Guin's breaths were coming faster and harder. Please don't stop, please just a little more, please…
The words were cut off by a moan and the tidal wave that started in her hips. She grabbed me with both her hands, fingernails digging into my shoulders and through the first layer of skin.
It was a good sort of pain, a tempting type of sensation that sent me up her body, a trail of kisses leading back to her lips. Her nails sent a shiver down my spine and I pulled her beneath me, her legs spread and body warm against mine.
"Do you want me to…?"
"Next time," I said, finding foreplay unnecessary when the length of her body matched mine.
Mentally I returned to the Alps, forgetting her features by burying my face against her shoulder. We were different people with different lives, people who desired love and affection, who would kiss and caress when they were satisfied and discuss…
The emptiness returned. I buried myself within her and returned to the image of a lover that would share my life, not simply a bed. It was both devastating and alluring, physical and still intangible. She wrapped her legs around me, her back arched, and breaths heaving.
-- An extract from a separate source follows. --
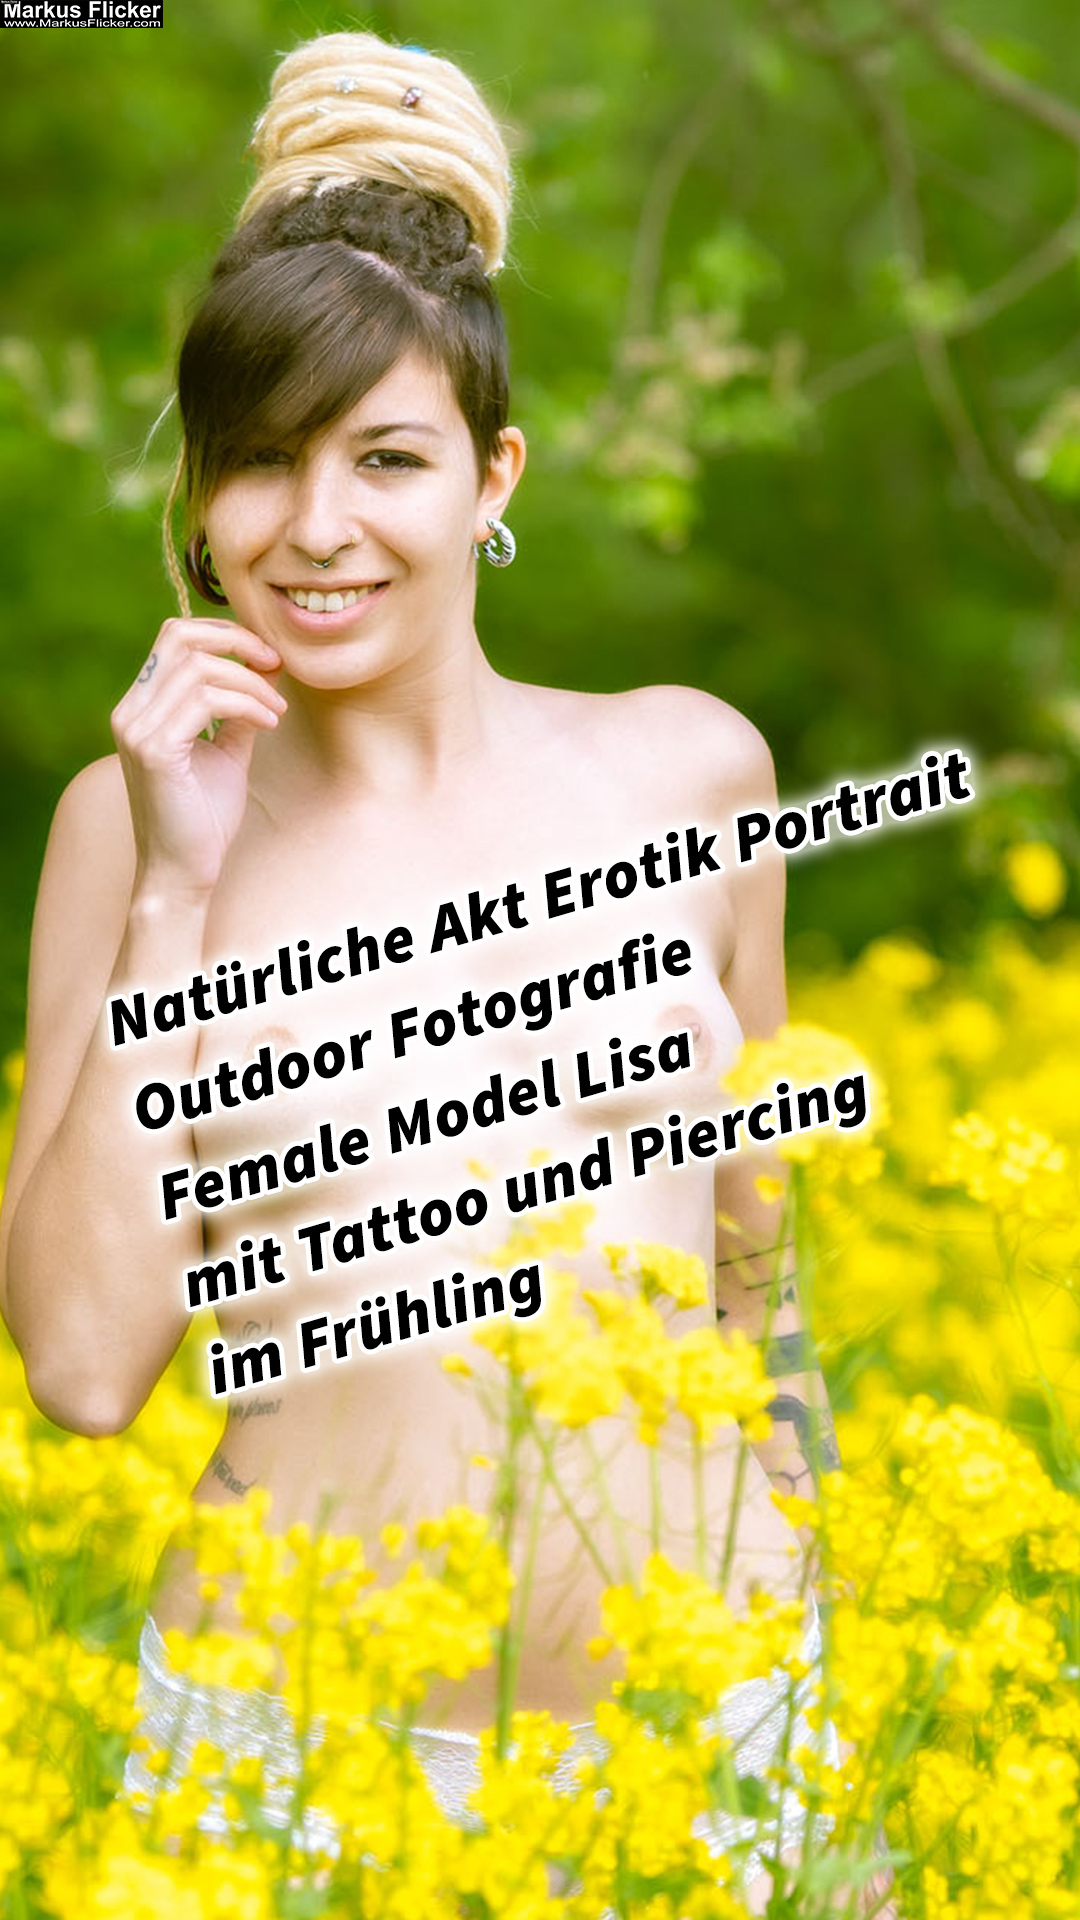 Natürliche Akt Erotik Portrait Outdoor Fotografie Female Model Lisa mit Tattoo und Piercing im Frühling
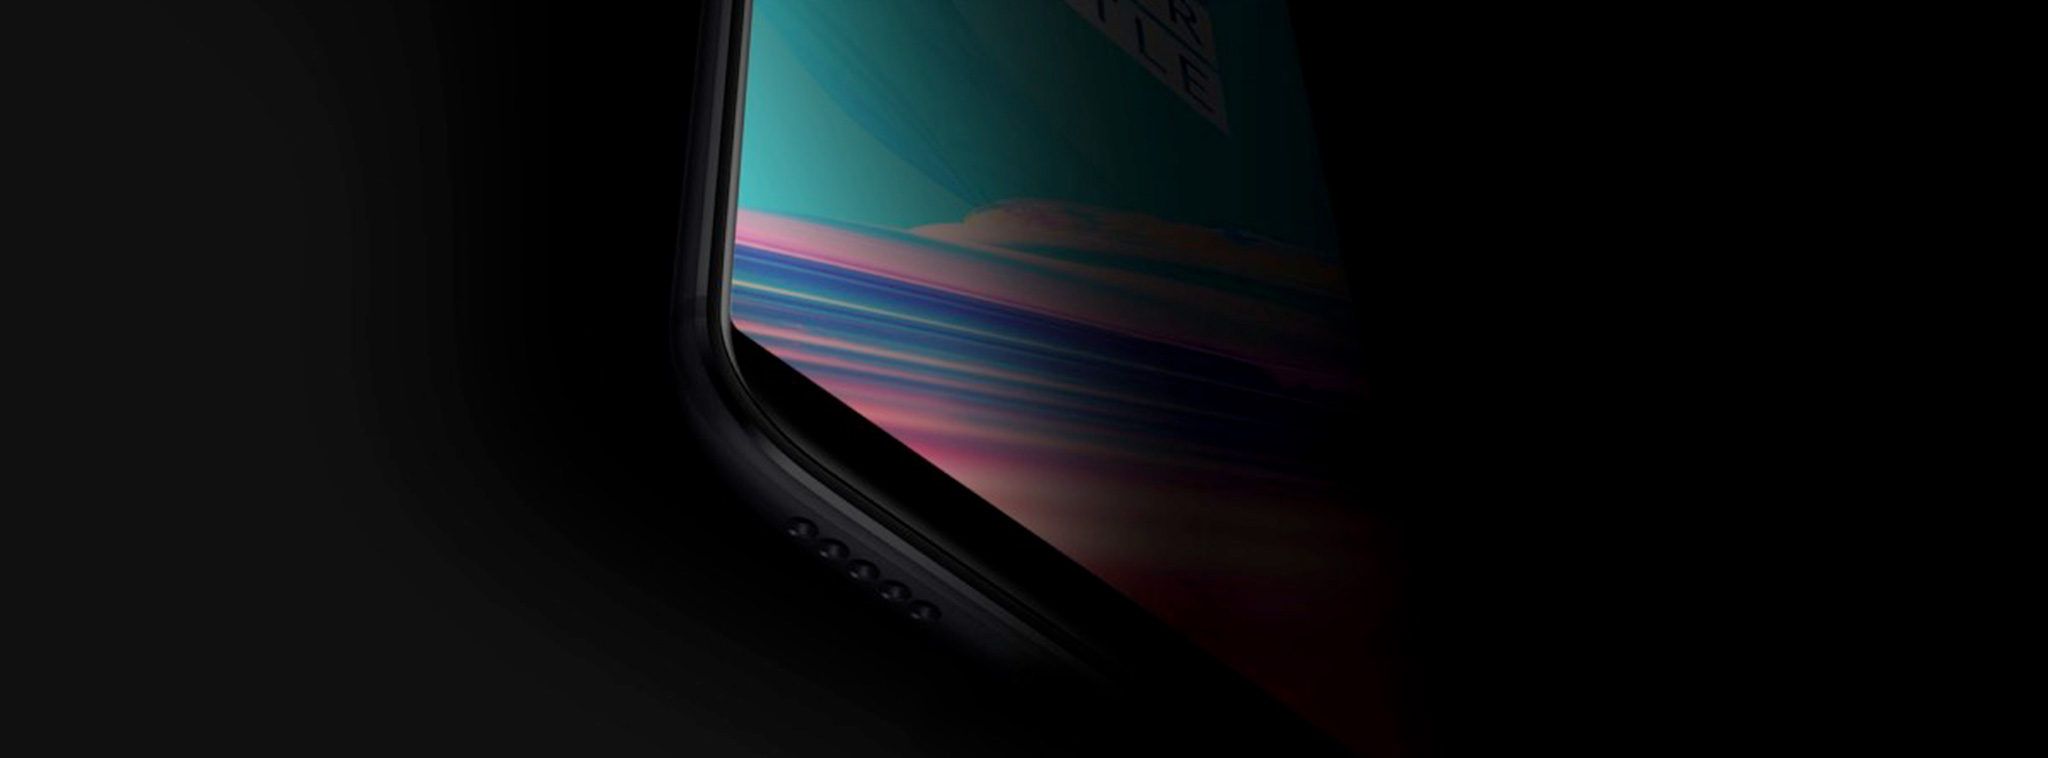 Rò rỉ hình ảnh chính thức của OnePlus 5T: cảm biến vân tay ra phía sau, màn hình lớn hơn, viền mỏng?

I felt her tremble, heard her whisper against my ear, and surrender completely–at least in the physical sense.
OoO
It was after six when I found myself seated on the edge of Guin's bed while she lounged, her fingertips tracing the marks left behind by her nails on my flesh.
The only sound was her breathing and the hushed drag of her nails down my spine. The embers popped every so often, the fire roaring with such heat that I felt perspiration on my brow.
"Does your arm cause you pain?" she asked.
"Sometimes," I answered.
"It is rather unsightly. Do you find women ever refuse you because of it?"
"Not typically."
"But you are aware that women would prefer it if you didn't touch them with that hand?"
"I don't believe it has ever come up, actually."
"Really?"
"Really."
"Well, then let me be the first to say I would prefer not feeling the scars against my flesh."
I appreciated honesty, but her words were not necessary, particularly since I had no intention of seeing her again.
I stared at my bare feet and felt as though I had forgotten something. Gloves in my studio at the university, possibly? My hat on the hook at home? My wallet was safe inside my trouser pocket, drying in the other room. Keys? No, I had my keys. I remembered digging into my pocket several times in search of them as I'd forgotten them once a year earlier and had been forced to call my cousin for assistance as he had a spare…
Valgarde.
My heart dropped into my abdomen like a rock.
It was Elizabeth's birthday and I had forgotten.